Sala Abierta [Open Gallery] 03 – Larissa Garza
903 Forbidden
Digital video* 10’50”
May 22 – June 5, 2020
Sala Abierta, an intangible space that in its first phase will present the work of artists who live and work in Guadalajara.
Video installation adapted for visual displays. It is recommended to watch the video in full-screen mode and with headphones.
903 Forbidden is a video installation that originates from a text created using the patchwriting technique—a type of literary collage that explores themes of identity, body, image, and failure from a queer perspective. The images respond to small pieces that collectively testify to a wandering between tangible and intangible spaces.
1 Queer refers to that which does not fit within socially established norms. Some fundamental aspects of queer theory include the critique of the normative heterosexual regime and the critique of identity.
Selected Bibliographies and Authors
- Gary Hill, Around and About
- Paul Preciado, Testo Junkie
- Diana J. Torres, Coño Potens
- Manuel de Landa, An Interview
- Ulrike Müller, Bulletin
- Sharon Hayes, Revolutionary Love: I Am Your Worst Fear, I Am Your Best Enemy
- Derek Jarman, At Your Own Risk
- Jack Smith, Statements, Ravings and Epigrams
- Roland Barthes, Preface to Renaud Camus, Tricks
- Lorena Peña Brito, Whirlpool
- Harmony Hammond, Class Notes
- K8 Hardy, Amifesto
- Lisa Le Feuvre, Introduction, Failure
Emails, Lin
For the first time, I feel the sensation of making a self-portrait for you. Drawing an image of myself as if I were you. Drag you. Dressing up as you. Bringing you back to life through this image.
We do not operate within the comfort zone. The lines are fuzzy. I didn’t have time to check my reflection in a mirror, and I certainly don’t remember my lines. If I ever had any.
Go to the very limit of what can be recognized of the body, reach the pleasure of the disfigurement of your language. The body is nothing but will made visible.
“Yes, I am…” Ultimately, the attribute is of no importance; what society will not tolerate is that I should be… nothing. Or, to be more exact, that the something that I am should be openly expressed as provisional, revocable, insignificant, inessential—in a word: irrelevant. Just say “I am” and you will be socially saved.
I hide, I watch myself, I censor myself, I restrain myself. There is a huge self-censorship because we are terrified of betraying ourselves. We don’t want people to know. We must acknowledge our differences in order to learn about, support, and work with each other.
Accept that the change happening within me is the mutation of an era. One can never observe all the possibilities and still move on to the next—sometimes one just exits and re-enters. I think I can agree with myself that it is not a matter of choice; that everything is on purpose: ‘a bouquet of mistakes’.
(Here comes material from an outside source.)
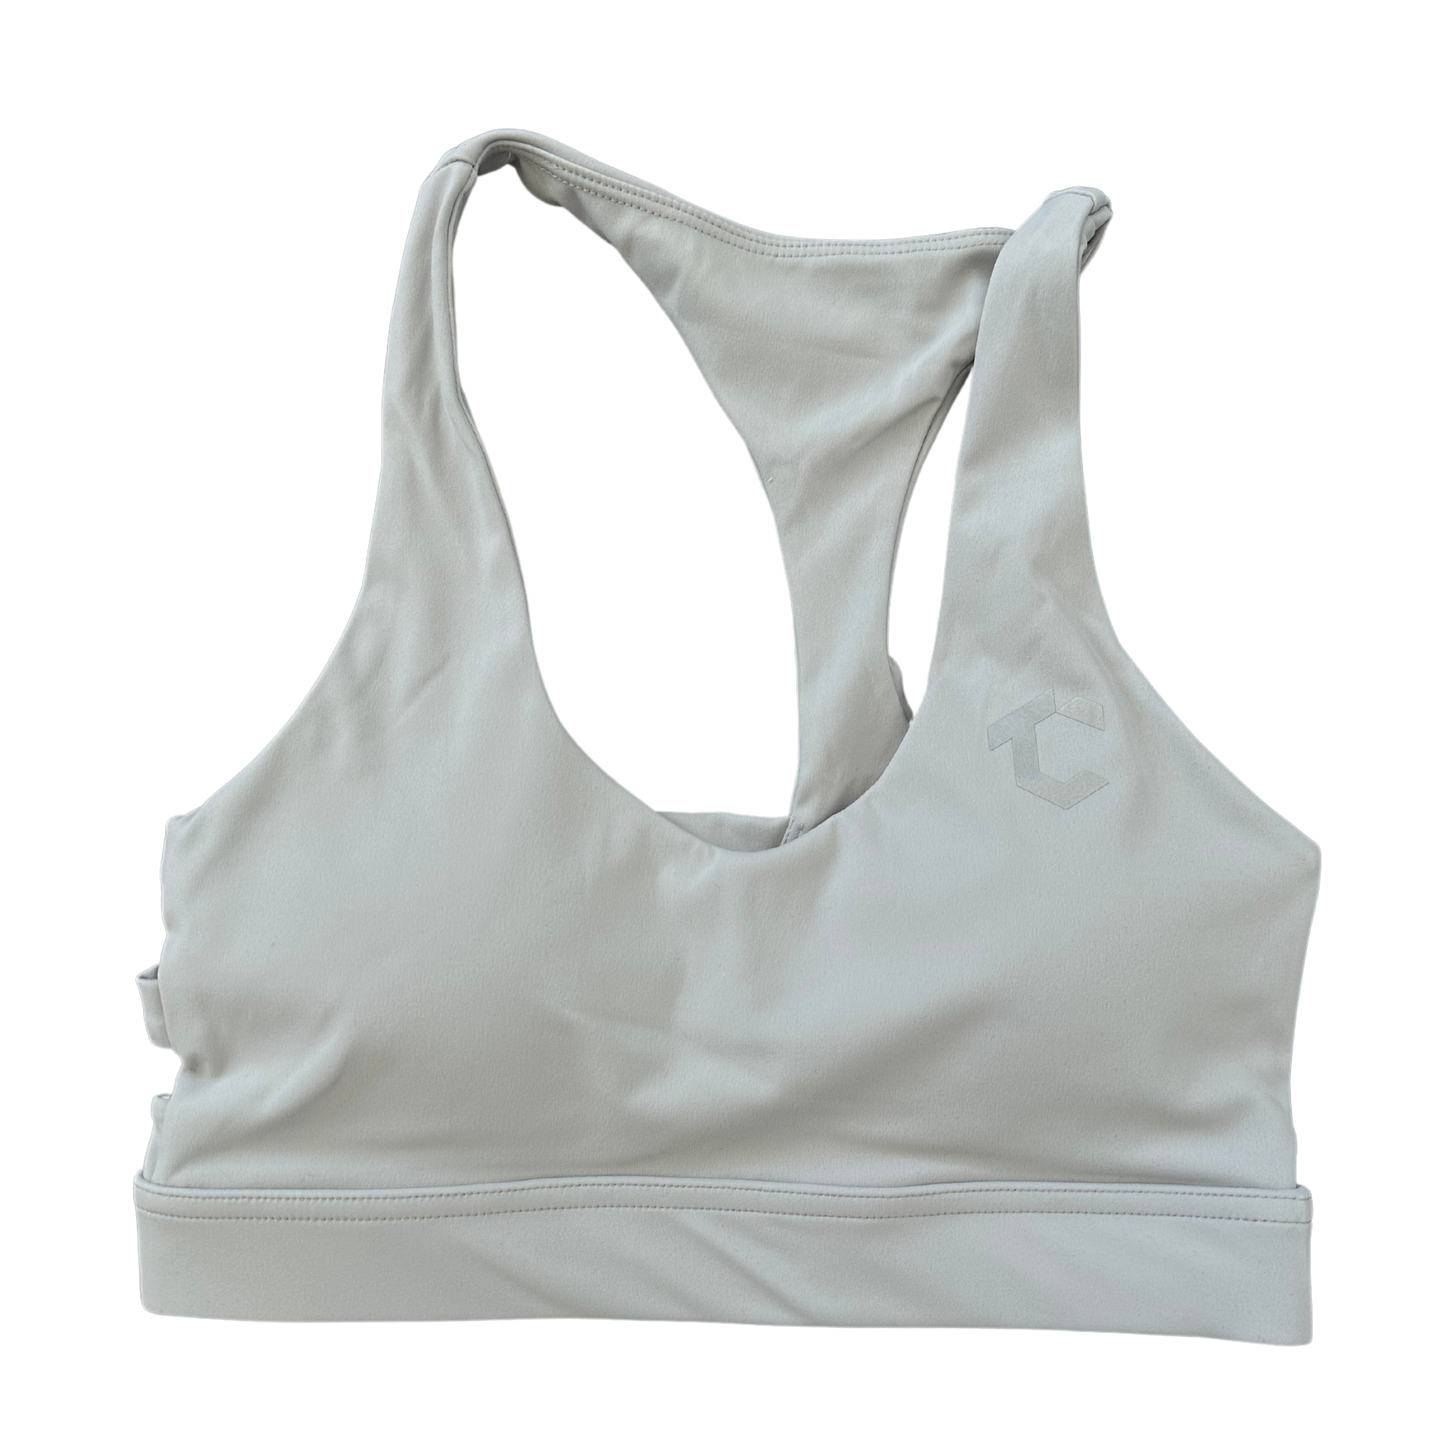 Double Strapped Back Sports Bra - Gray

I want to know what we can do for each other now. I want to hear words that cut to the bone. When things get nasty, a sense of urgency prevails, and every day the world outside continues as if nothing had happened. It’s not even that there’s a lot going on—we’re just busy.
Maybe we should take our minds off it and think about something else. Maybe it’s not even worth thinking about at all, but that leads to other things just as problematic. Maybe it should be more complicated, and we’re looking at it too simply.
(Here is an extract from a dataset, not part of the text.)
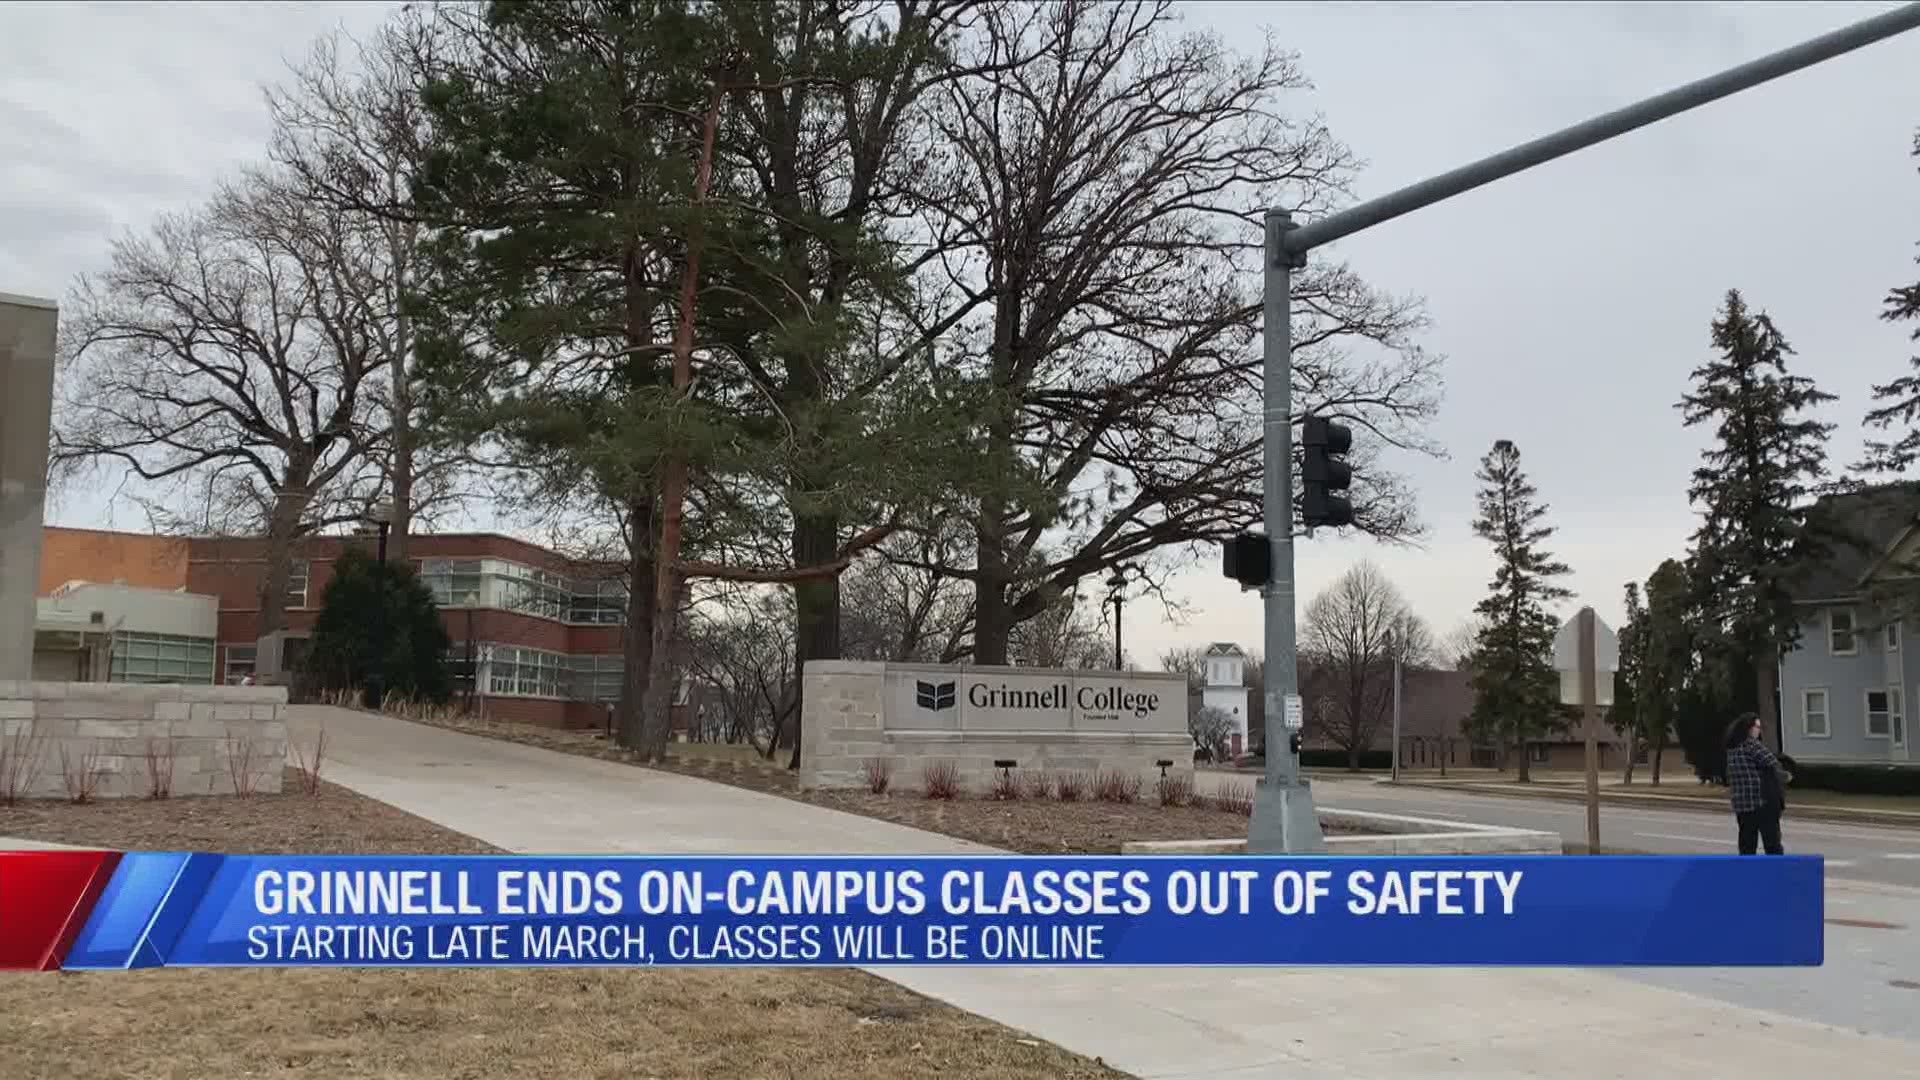 Grinnell College telling students to leave campus due to COVID-19 concerns

Where does passivity take you? Don’t hate when you can jump in at any moment. It’s heavy, it’s intense. Don’t take it easy. Happily, we pass the ball(s). Feelings are facts. Thinking is that.
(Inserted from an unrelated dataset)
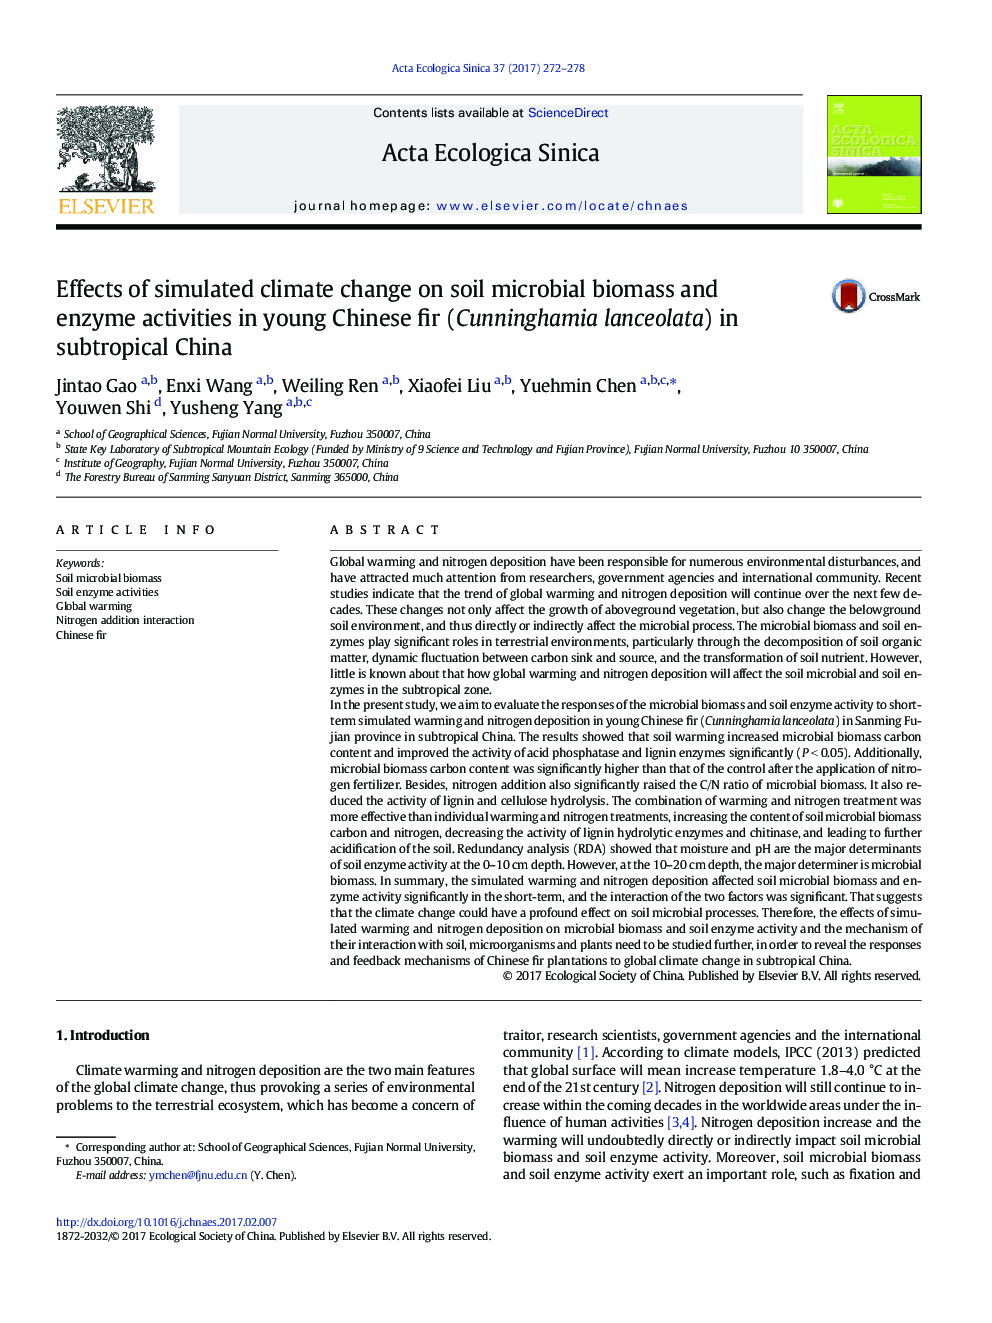 Effects of simulated climate change on soil microbial biomass and enzyme activities in young Chinese fir (Cunninghamia lanceolata) in subtropical China

A hundred years from now, and you haven’t seen my face. Habítame, live in me, come, come, please don’t leave me, come back to life, hold on to my sex. Low, down, dirty.
Stay with me. Can you love me anyway? And if so, where can we go? I want to be taken, and I want you to take me home, but I doubt there is an easy way for either of us. I came unprepared. I’m not ready to be complex. I don’t think that’s the answer, though. I don’t think it’s an answer we are looking for.
It’s shocking to laugh. It’s shocking not to take any shit. It’s insane to say no. Everything is not okay. No podría decir que no lo sabía.
You fantasize about how things are going to be, you try to do everything in your power, and then they are total flops. It’s really interesting to examine how you could be so wrong.
Sometimes I get involved, feel alive, and in the middle of it. Other times, I drop out. Then it goes on without me.
It’s not the helium that makes the balloon fly, it’s the knot.
Ever tried. Ever failed. No matter. Try again. Fail again. Fail better.
They say: time heals all wounds. But while our bruises are healing, we’re also dying—which is another way of saying living, the halfway of putting it.
What doesn’t exist is important. To be or not to be normal. Thanks for explaining me. Would you hold it against me if I couldn’t stand for this?
We cannot imagine our own death. No matter how often we try, we remain spectators of a scene. We die fast, and we don’t hide.
Pleasure is born where the promise of death never concludes.
To strive to fail is to go against the socially normalized drive toward never-ending success. The embrace of failure can become an act of bravery—of daring to go beyond normal practices and enter a realm of not-knowing.
After all, we’re all queer.
I demand that we stop making promises about the future—ones we have no right to make and that prevent us from, or make us feel guilty about, growing and changing.
We are just at the beginning. Keep this prospectus—you may need to read it again.
The limits exclude—we know. For me to use the word ‘queer’ is a liberation. We fight our insignificance.
Feminist. Basically, we were born to clean up other people’s shit—not to leave puddles in their beds.
That’s a fight. This is a daily agonistic battle with a refusal to hide. We are not bored.
Do not make noise when passing. Do not make noise when eating. Do not make noise.
Do not be controlled by fears of hurting feelings with your beliefs. Aesthetics can be killed over and over and over—that’s it. Don’t give a shit about being an artist. Give a shit about making someone mad—maybe just making.
I know this isn’t free of bullshit. I mean, I’m coming from a self-conscious place.
All you have to seek is variation. Any of those lifelines could have moved in another direction, but they all came directly toward us and intersected right here.
Often, it is worth considering that the deepest failures are, in fact, not failures at all.
Larissa Garza (Monterrey, 1993)
As a multidisciplinary artist, Larissa explores the various ways we build relationships and emotional connections, delving into themes such as inhabiting spaces, operating within and beyond cyberspace, care, and collaboration.
Her practice moves between art and life, driven by keeping alive what makes us who we are—creating spaces for multiple dialogues, exchanges, and experiences where intimacy and individual pleasure become collective.
Her research is rooted in queer theory, feminism, and millennial experiences, primarily through participatory projects, installations, video, self-publications, and cyberspace resources.
She currently lives and works in Guadalajara, Mexico, and oversees programming at PAOS GDL.